Of course that will not stop e-cig prohibitionists from trumpeting it loudly as grounds for strict regulation. Harm reduction advocates need to know this, and need to know why it's so, even those of us, indeed especially those of us, who lack the scientific background to understand all the details. Let's start with the contrived character of the experiment. It was not in vito ("in life") but in vitro ("in a lab dish"), using cells from human bronchial passages that were "immortalized" or kept alive outside the body.

The substance applied to them was not e-cig vapor but "e-cig vapor-conditioned media", presumably "media" in liquid form.

The treated cells had already been genetically altered: the tumor suppressor gene p53 had been "silenced" and the gene KRAS (an "oncogene" or cell-growth stimulant) had been activated, "because p53 and KRAS mutations are often observed in the airway of current and former smokers at risk for lung cancer." After ten days of treatment with high concentrations of nicotine, "enhanced colony growth" (new tissue with a theoretical possibility of malignancy) was observed. Also, "diferentially expressed genes" (mutations) were observed.

The reasons these findings demonstrate only the possibility of a possibility are: first, genetic change ("differentially expressed genes") happens all the time in normal tissue, it is not always malignant. Second, tumors represent only one kind of cell growth. Also, the effects of a "vapor-conditioned medium" are not necessarily the same as those of vapor.

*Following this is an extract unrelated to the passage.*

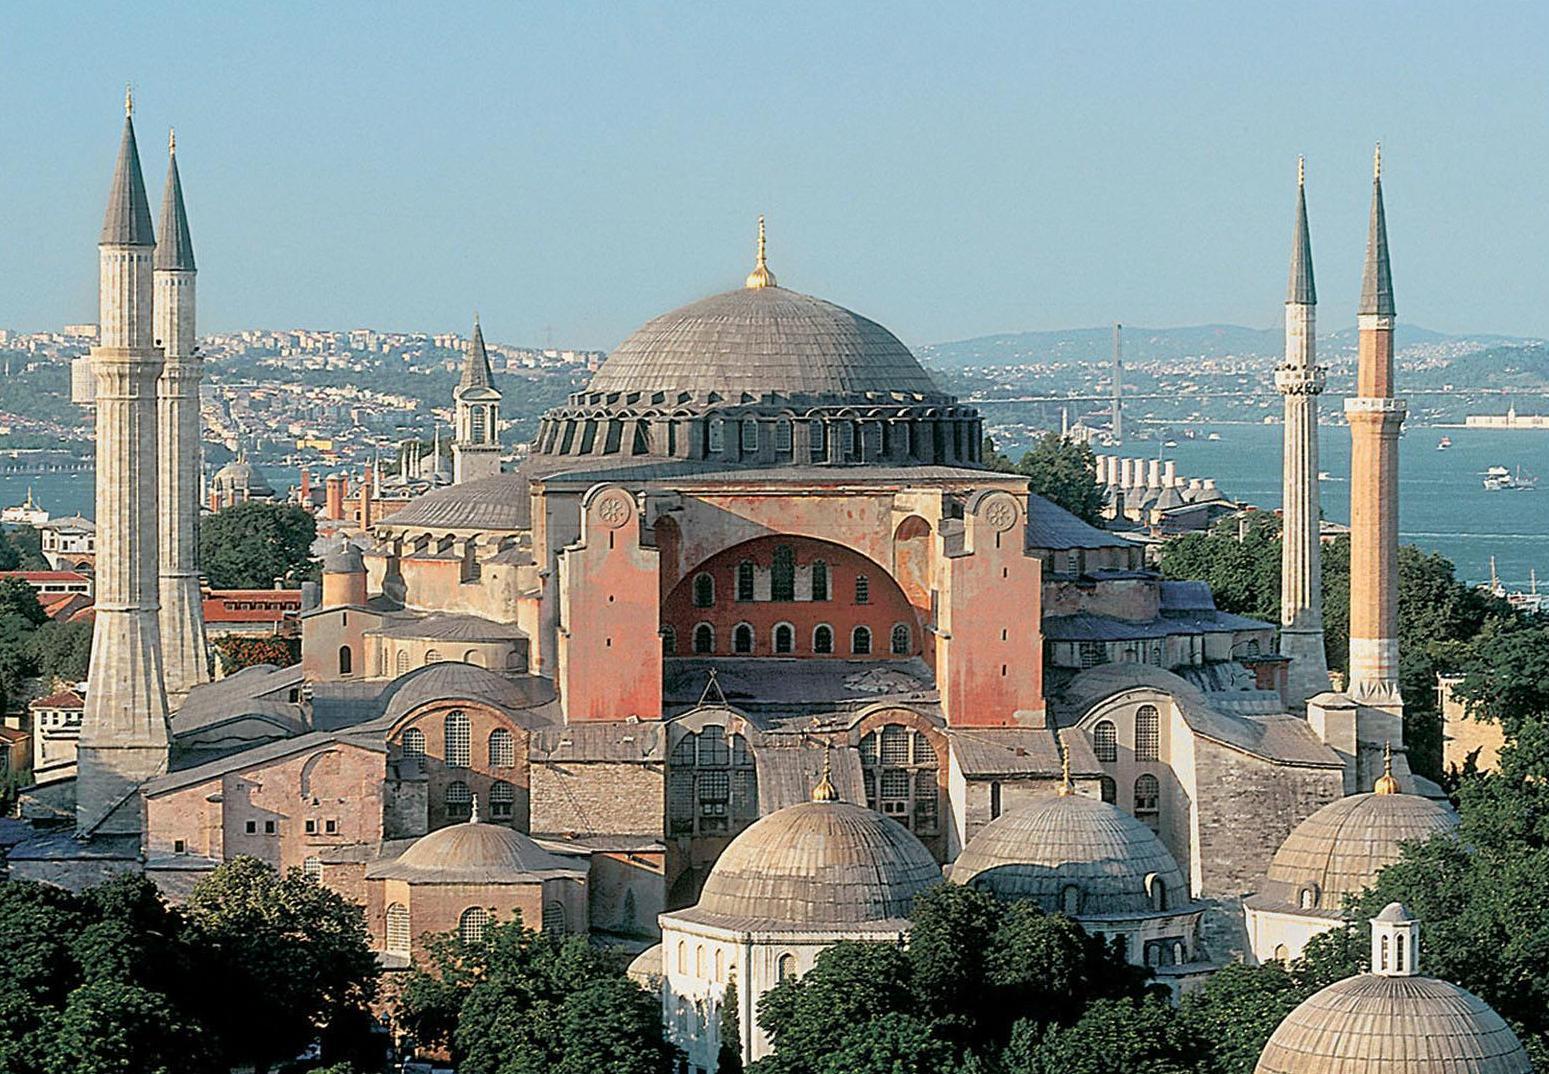 أنقرة ترفض استياء أثينا من تلاوة القرآن في مسجد آيا صوفيا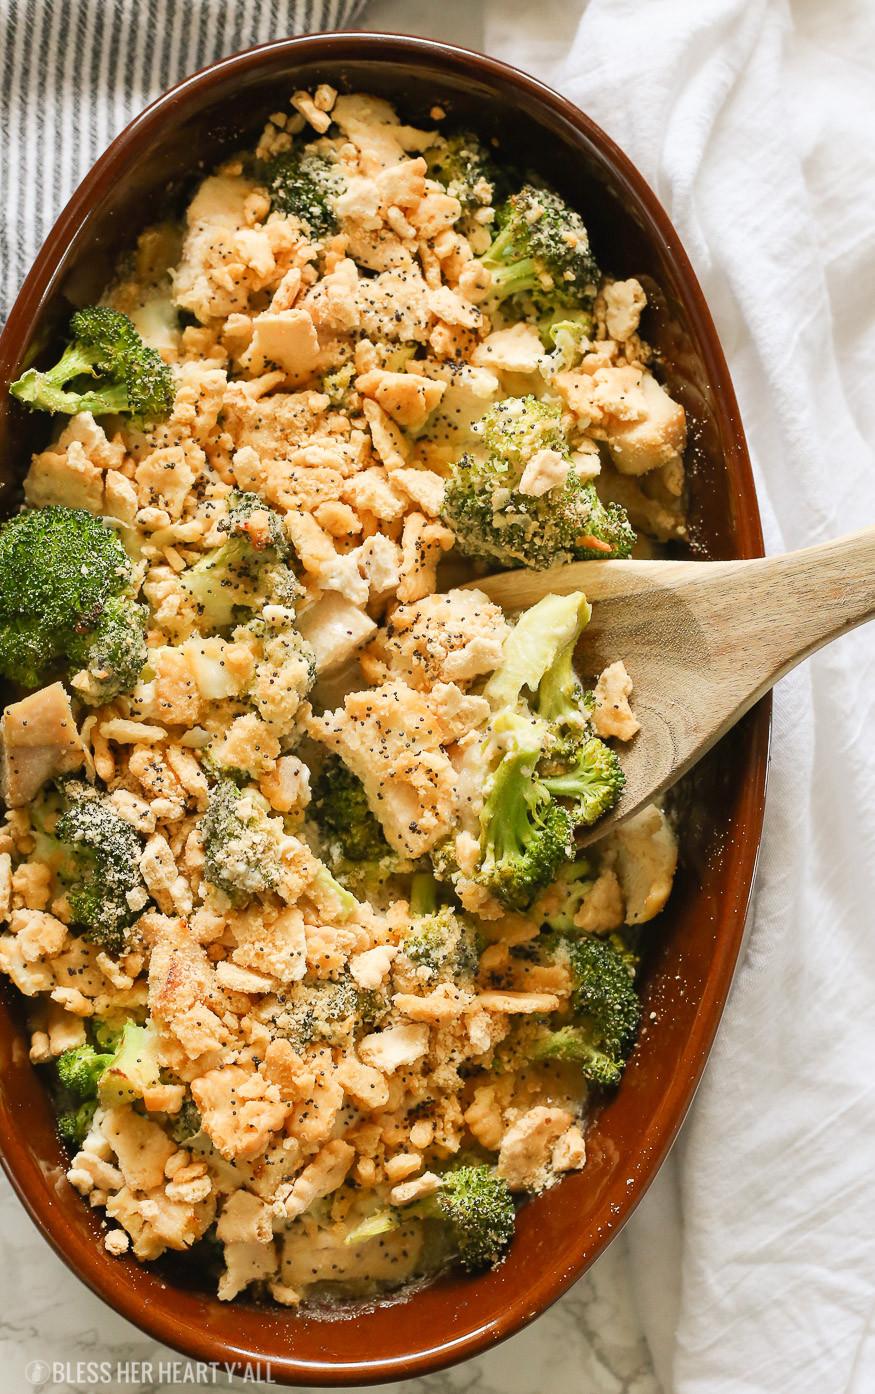 Heart Healthy Chicken Casserole  Skinny Gluten Free Chicken Poppy Seed Casserole Bless

Furthermore, many everyday substances, administered in lab dishes at high concentrations, to cells modified to be mutation-prone, might cause mutations and cell growth. A "cell study" such as this one can only approximate the conditions of a "human epidemiological study" (in the words of eminent nicotine scientist Konstantinos Farsalinos). "The work is at a very early stage," admits the Nature article, "and therefore cannot establish that e-cigs can cause cancer in vitro, let alone in vivo."

So be forewarned, your local fire-breathing e-cig prohibitionist is going to be at you about this article.

Now you're forearmed too. (What you do with those other two arms is up to you.)